• [What you will do]: Below is a set of records; reproduce them exactly without their pictures.

(Records contained in a dataset)

**********

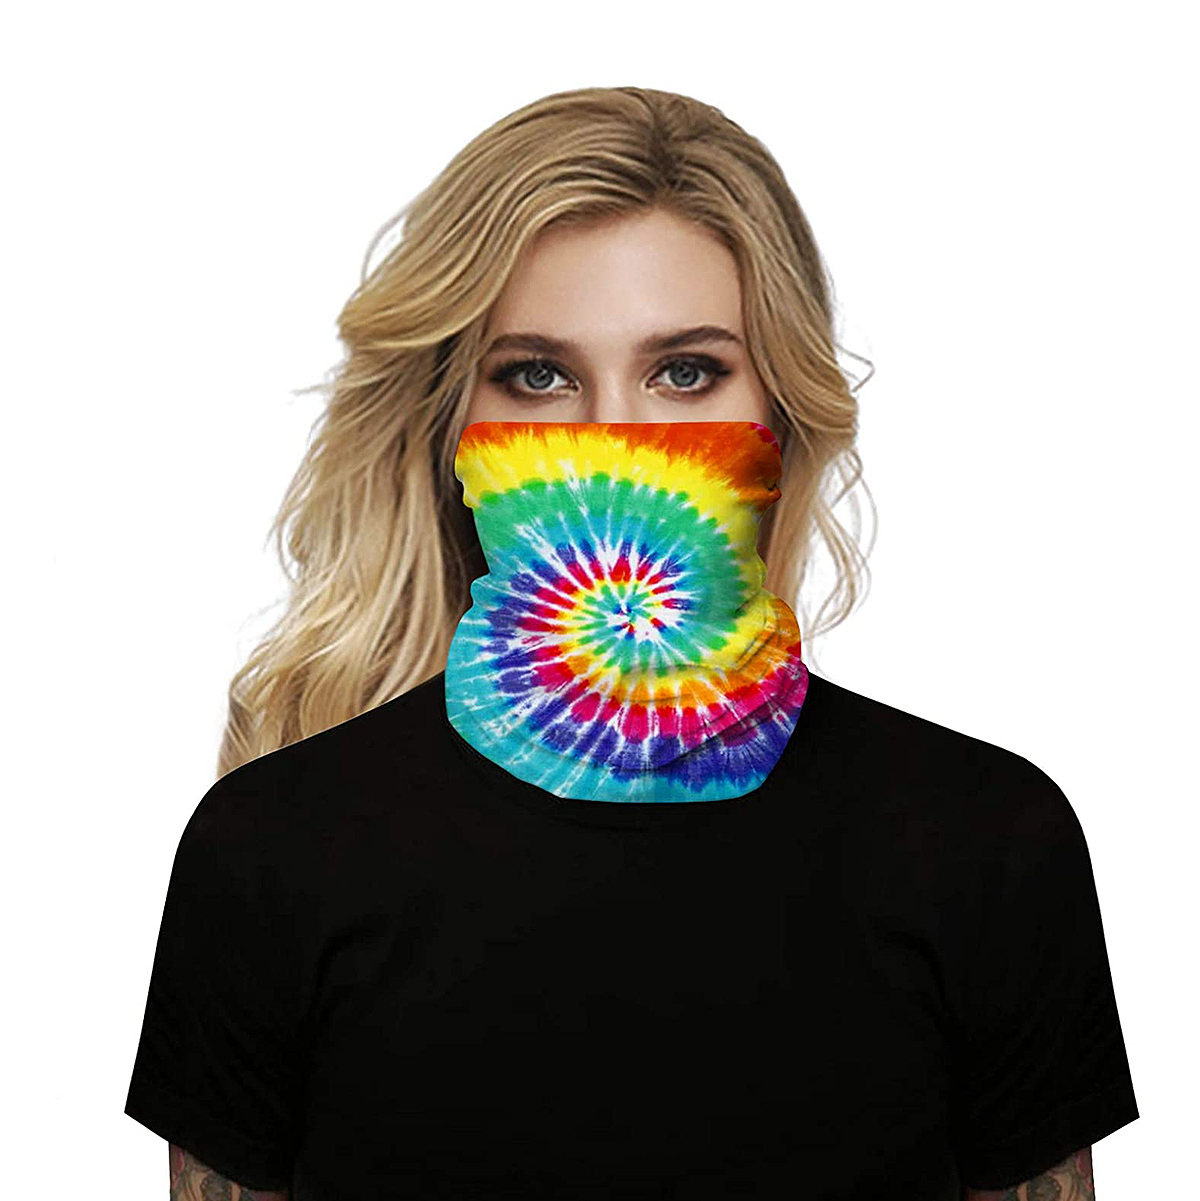 Tie Dye Face Masks 5 At Amazon That Let You Skip The Mess 
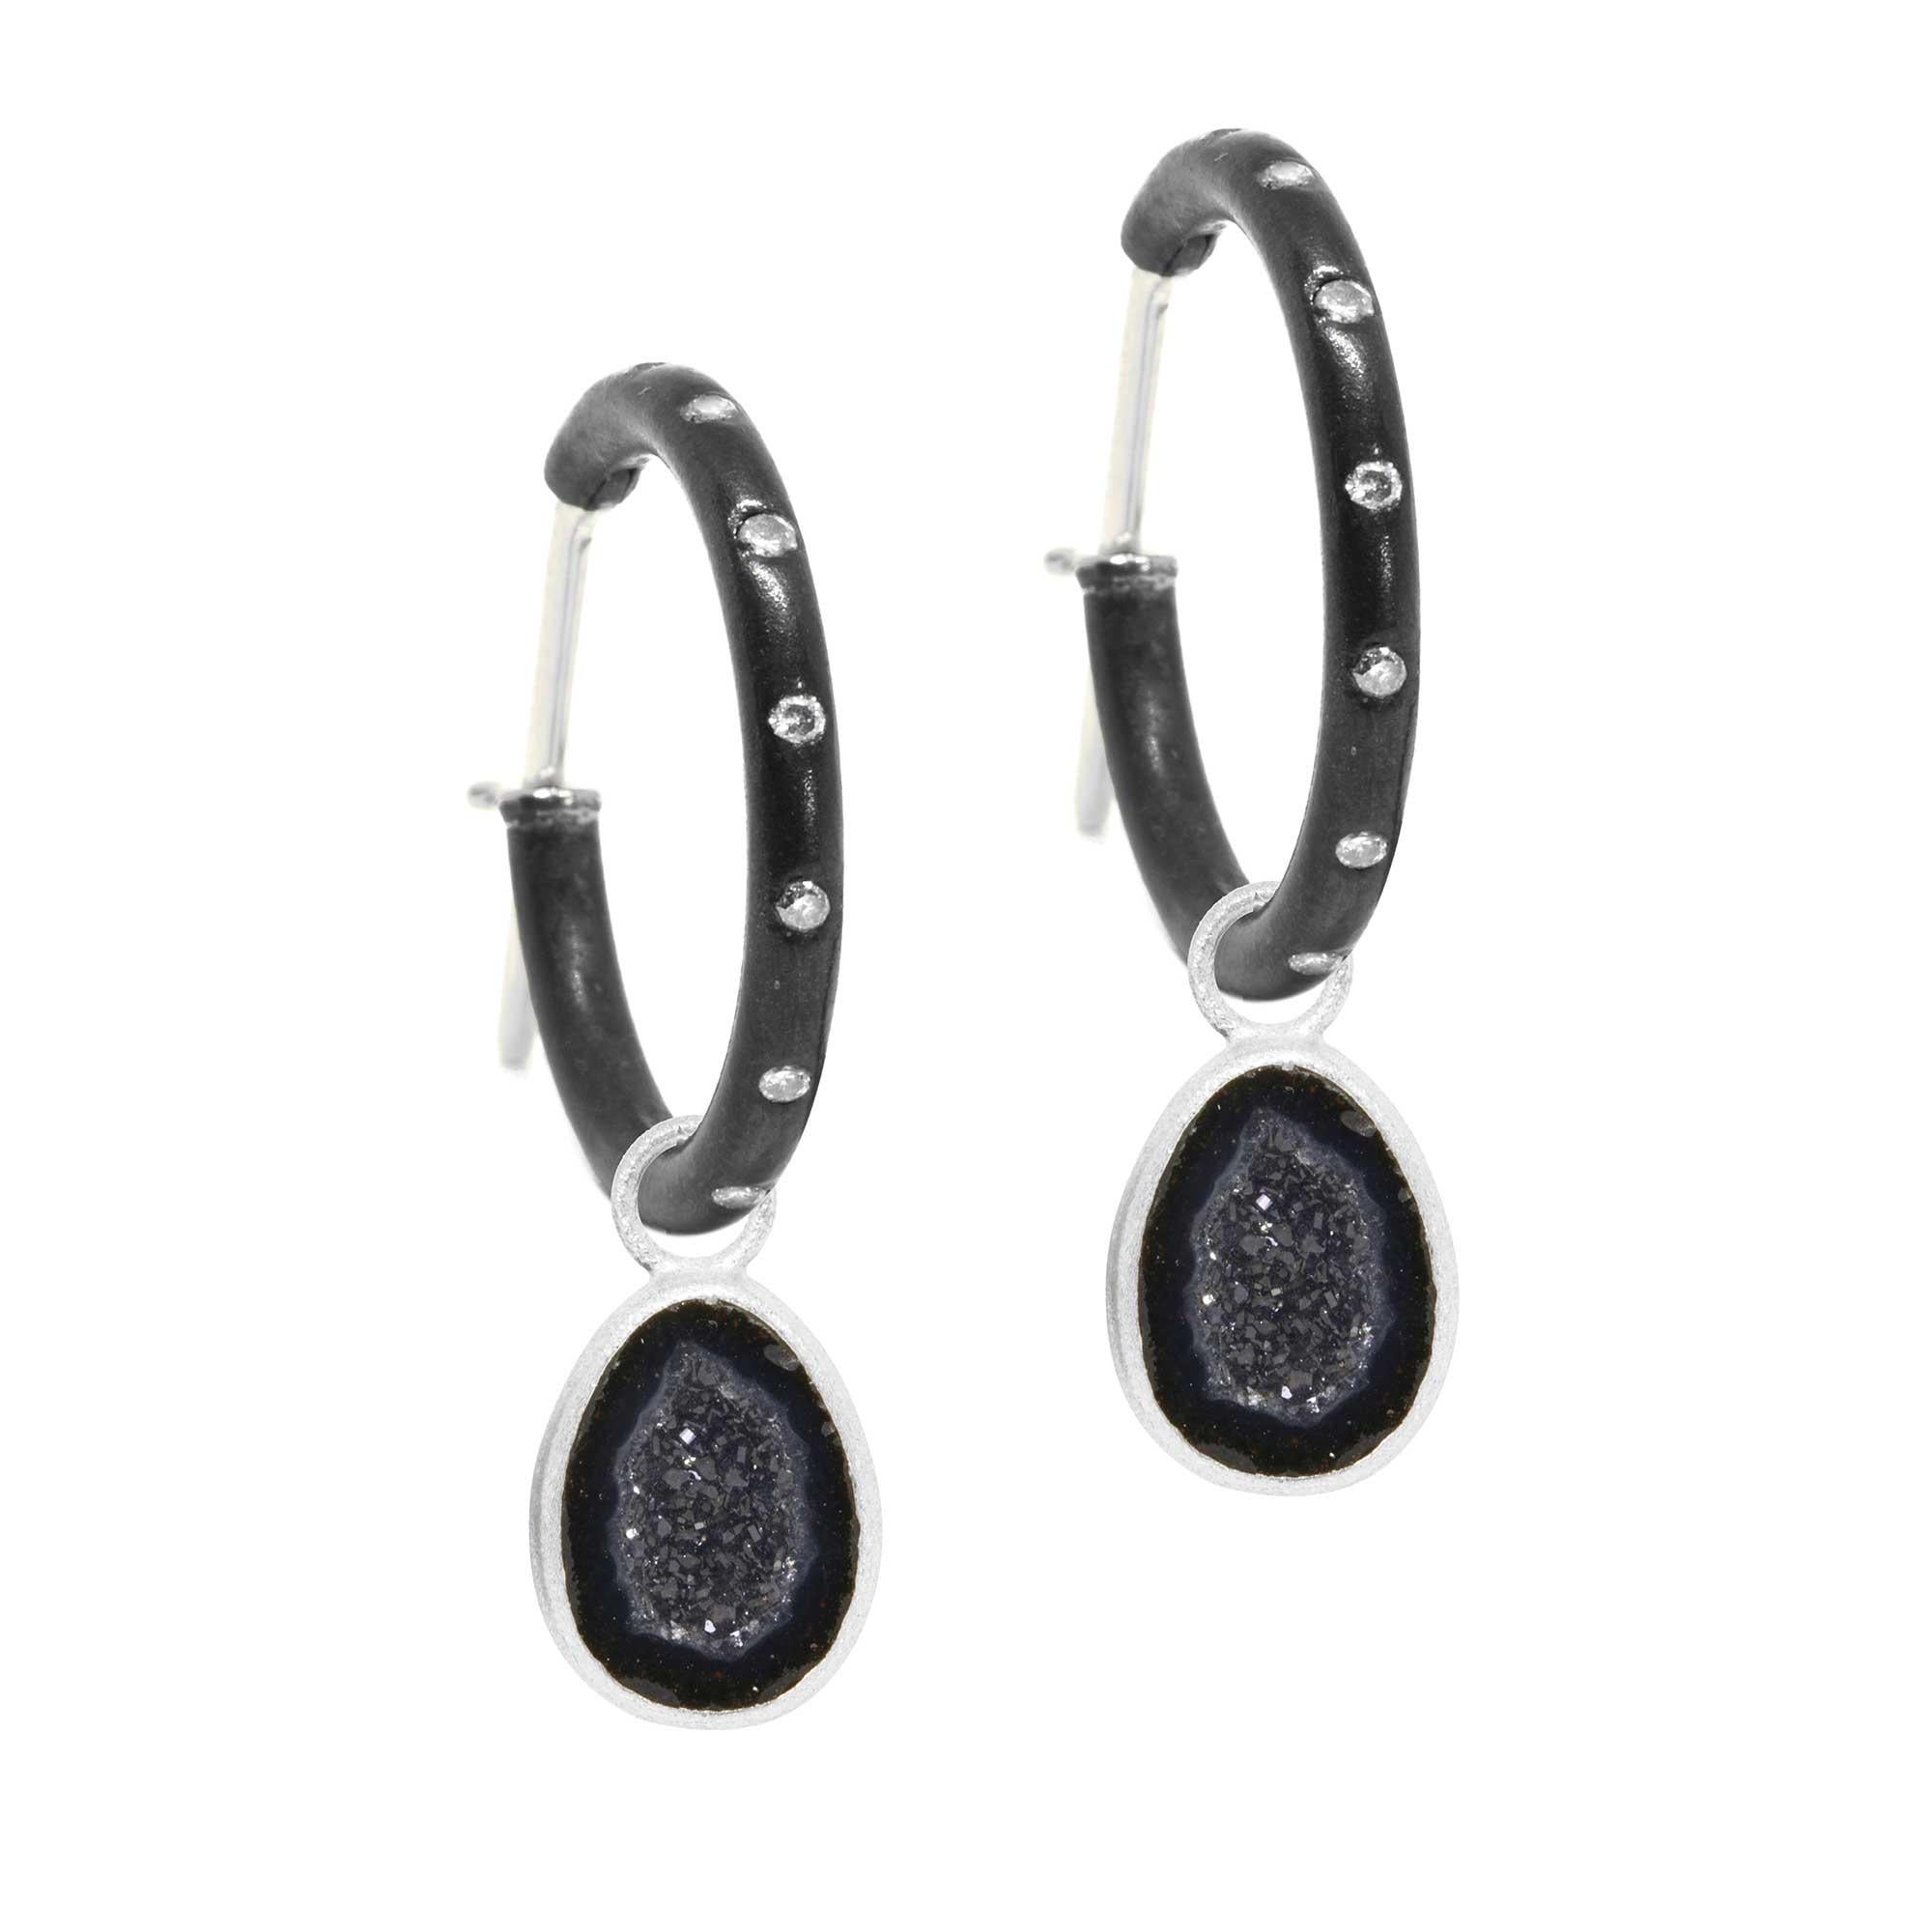 Organic and asymmetrical, and detailed with black geodes for a bold, mysterious edge, the Adorn Petite Silver Charms pair with any of our hoops and mix well with other styles.

Metal: Sterling Silver Oxidized
Stone carat: 4.7
Diamond carat:

**********

• [Response area]:
 Tie Dye Face Masks 5 At Amazon That Let You Skip The Mess 
 Organic and asymmetrical, and detailed with black geodes for a bold, mysterious edge, the Adorn Petite Silver Charms pair with any of our hoops and mix well with other styles.

Metal: Sterling Silver Oxidized
Stone carat: 4.7
Diamond carat:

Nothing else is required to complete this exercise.